* [Exercise goal]
Take the whole listing and reproduce it exactly, pictures excepted.

* [Data provided]
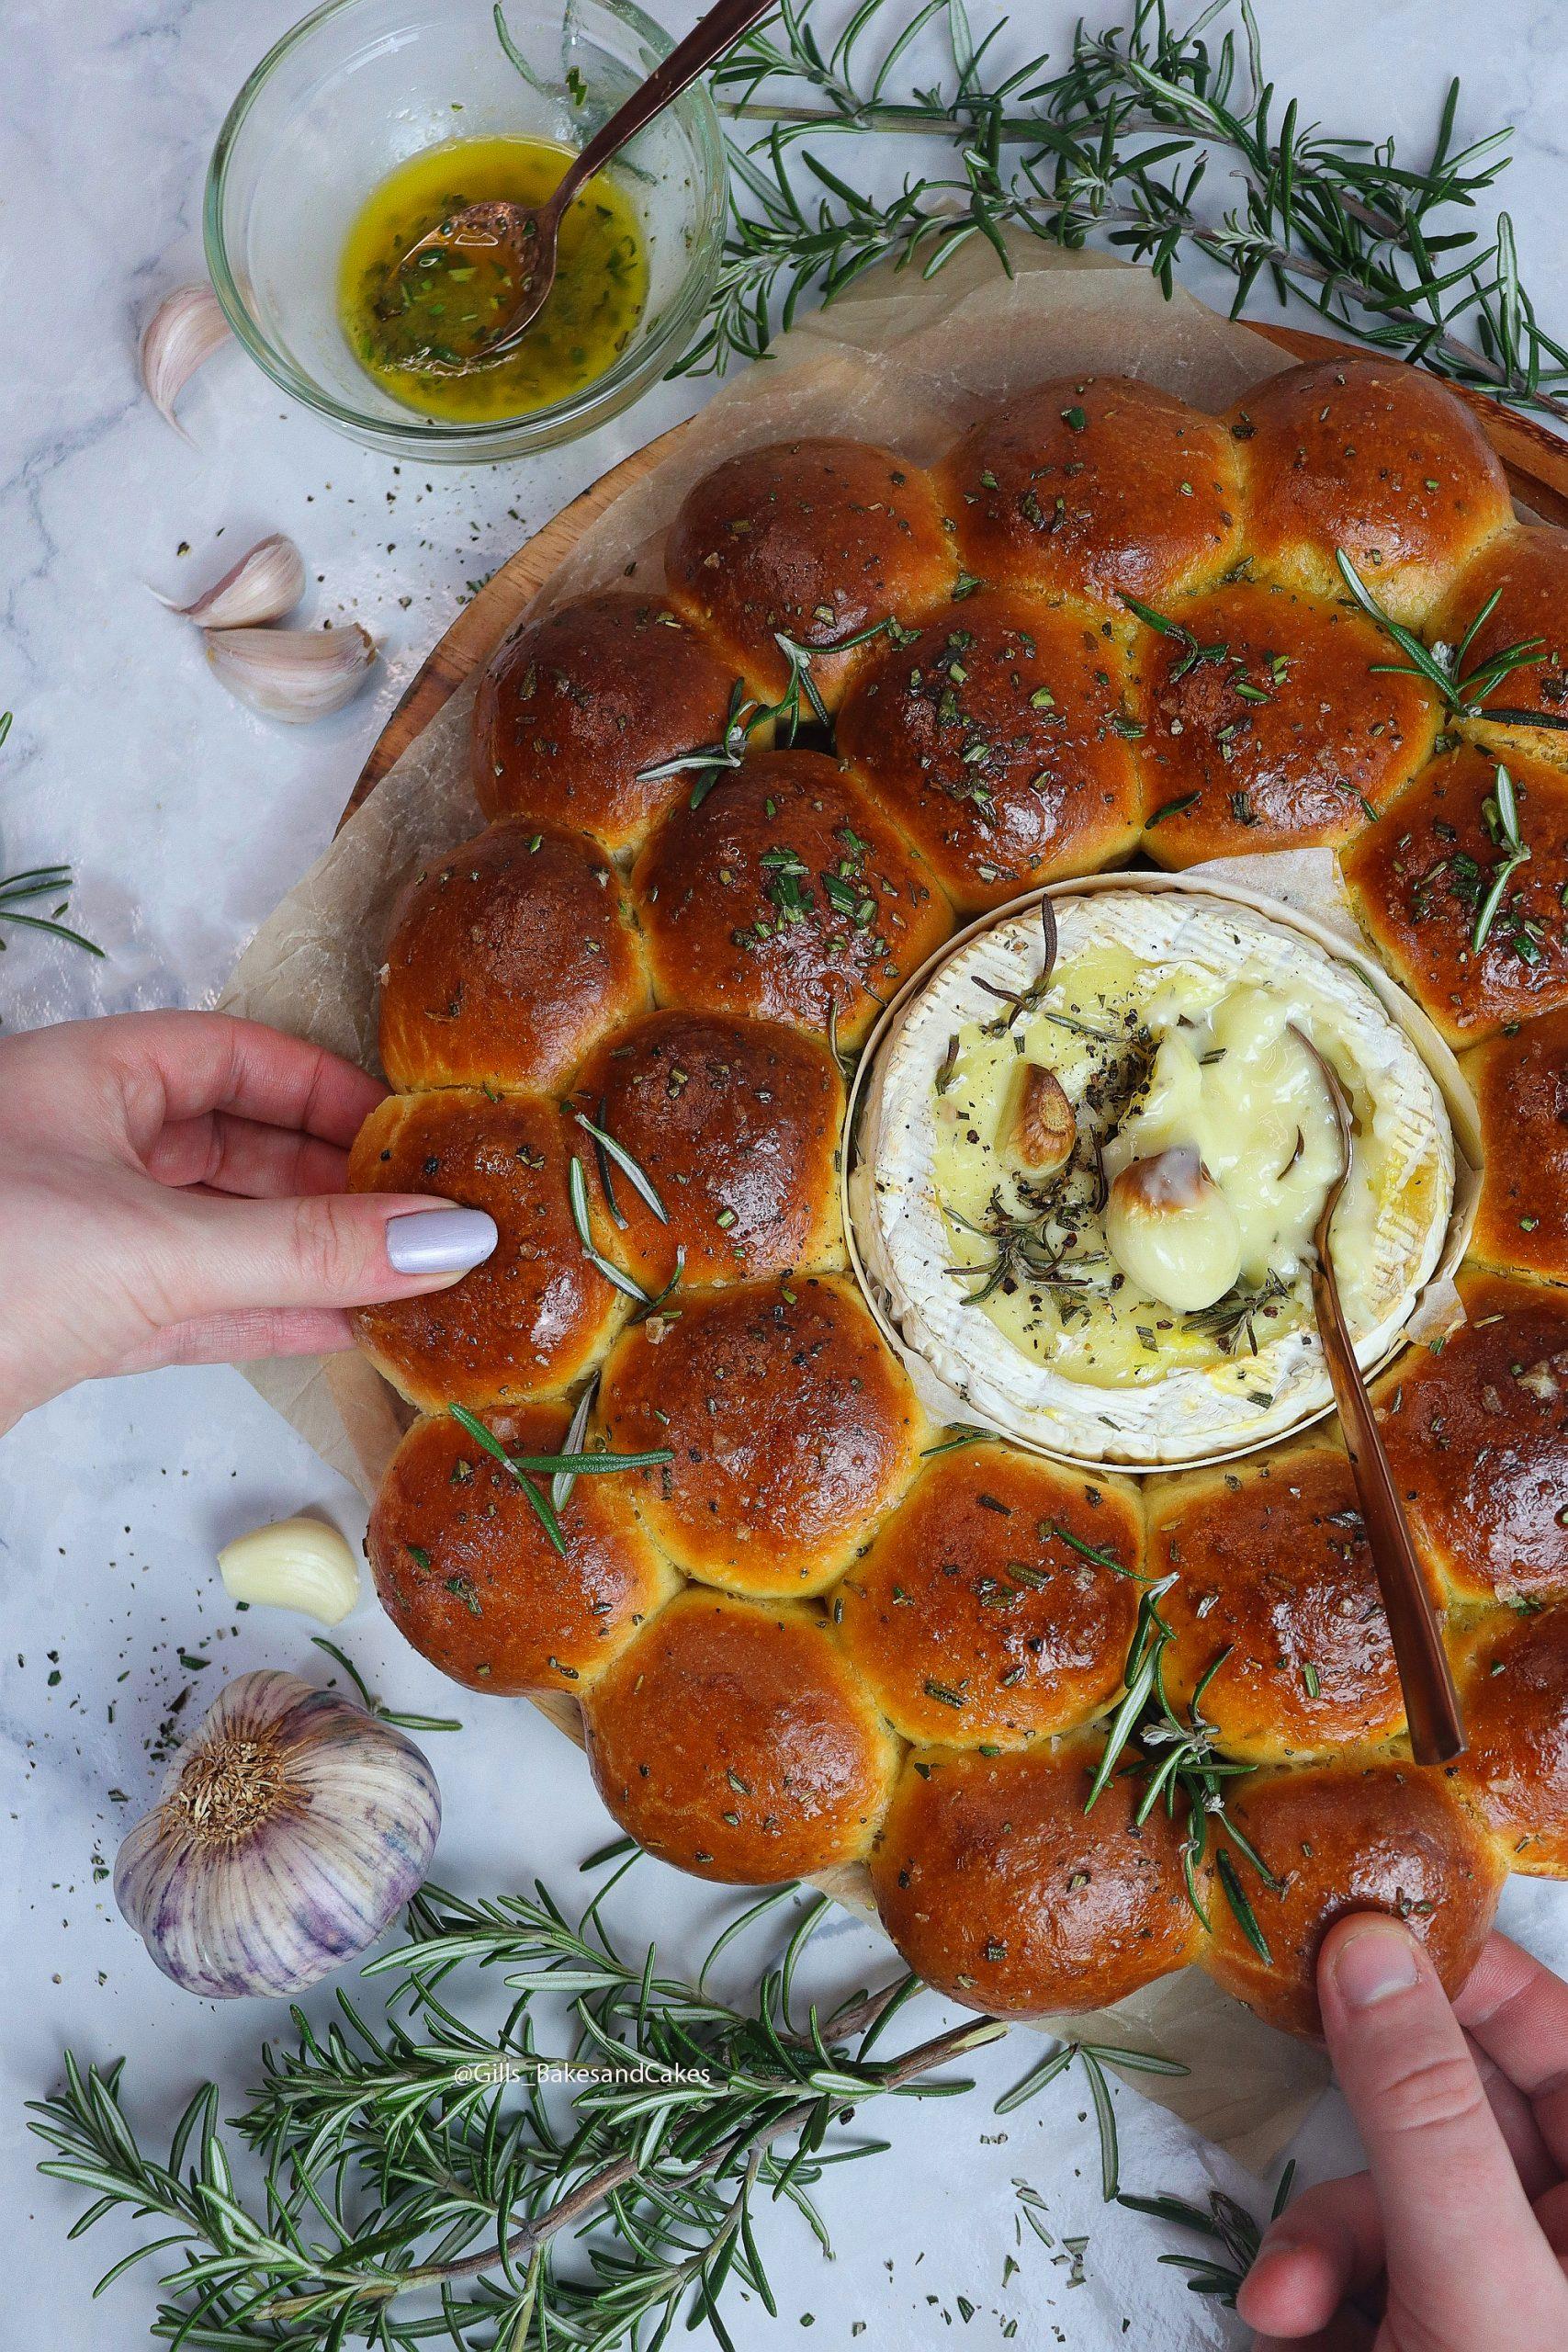 Baked Camembert, Garlic Rosemary Bread Rolls
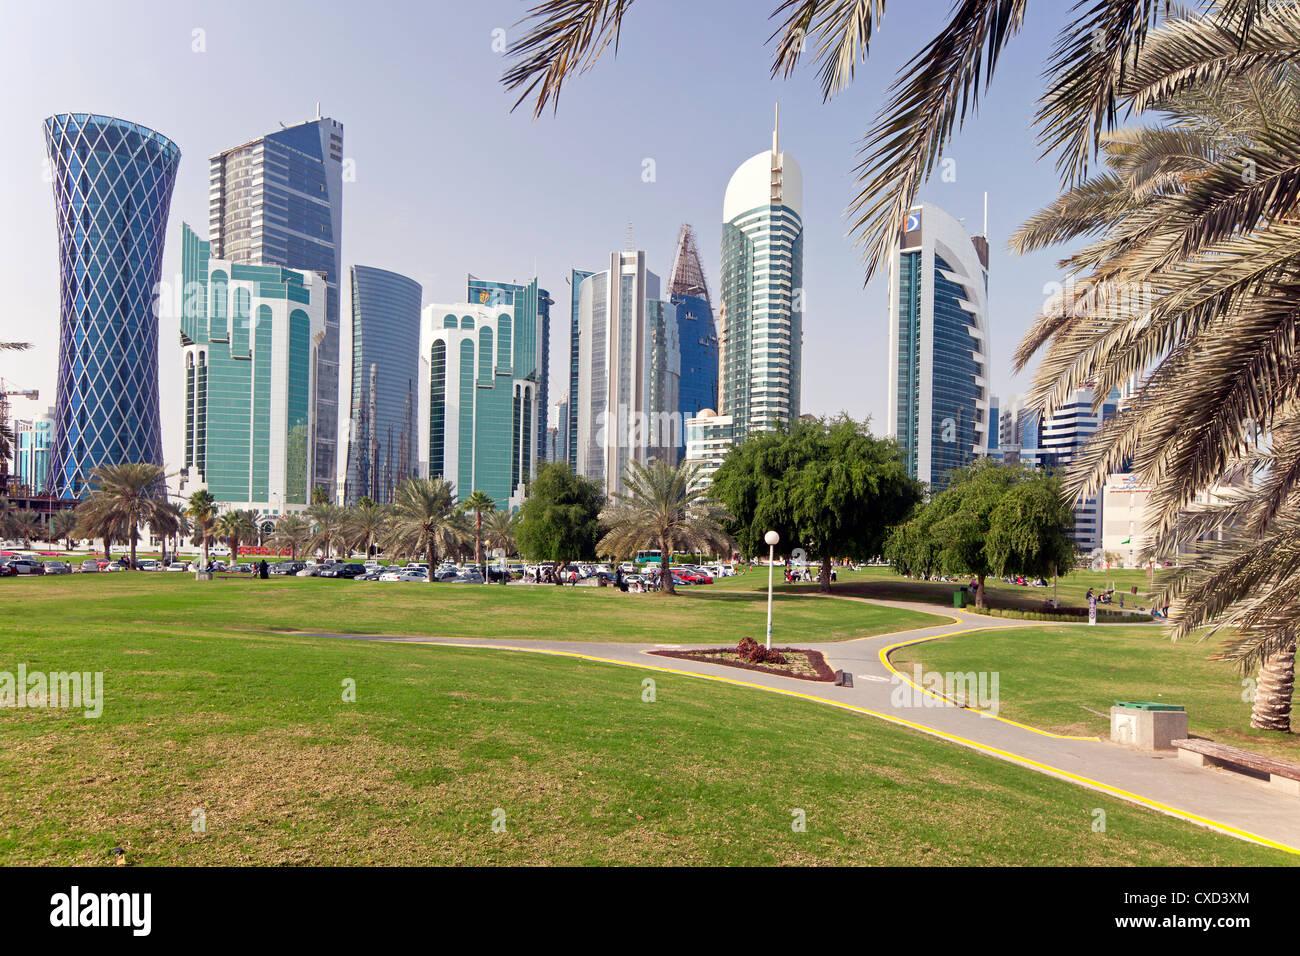 Moderne Skyline von West Bay zentralen Bankenviertel, Doha, Katar, Nahost Stockbild
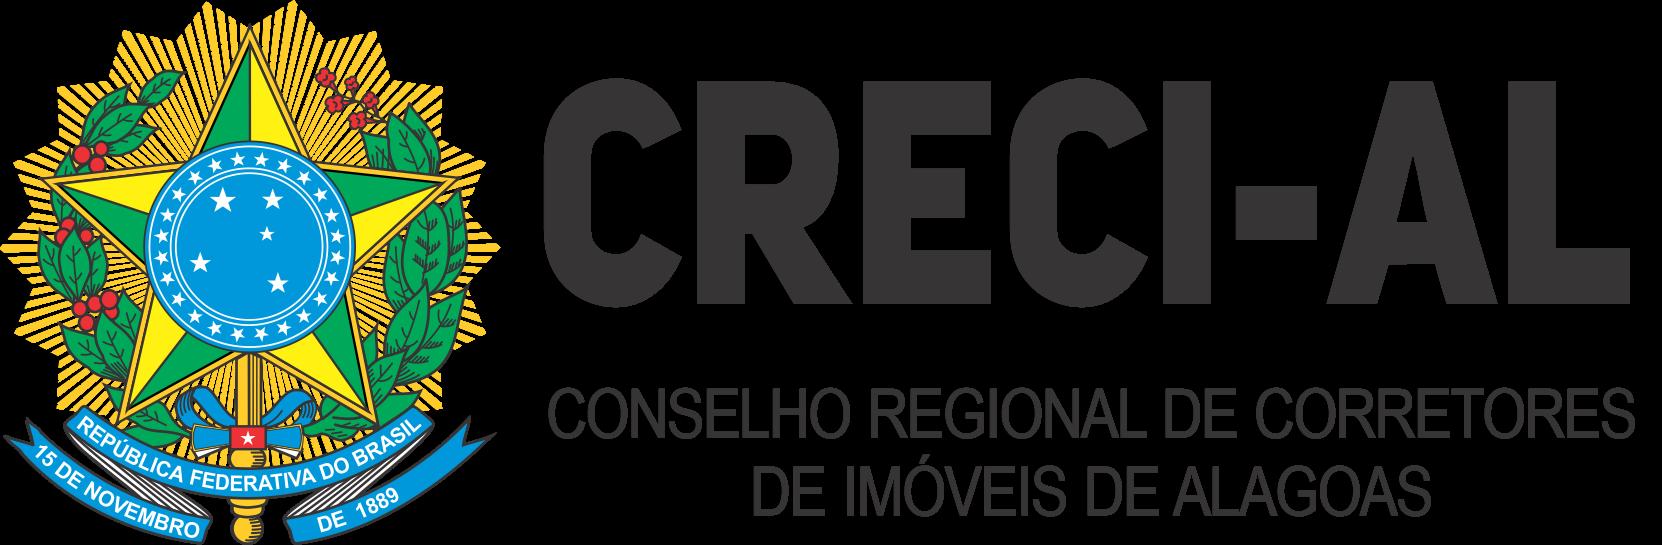 CRECI/AL

* [Response to this task]
 Baked Camembert, Garlic Rosemary Bread Rolls
 Moderne Skyline von West Bay zentralen Bankenviertel, Doha, Katar, Nahost Stockbild
 CRECI/AL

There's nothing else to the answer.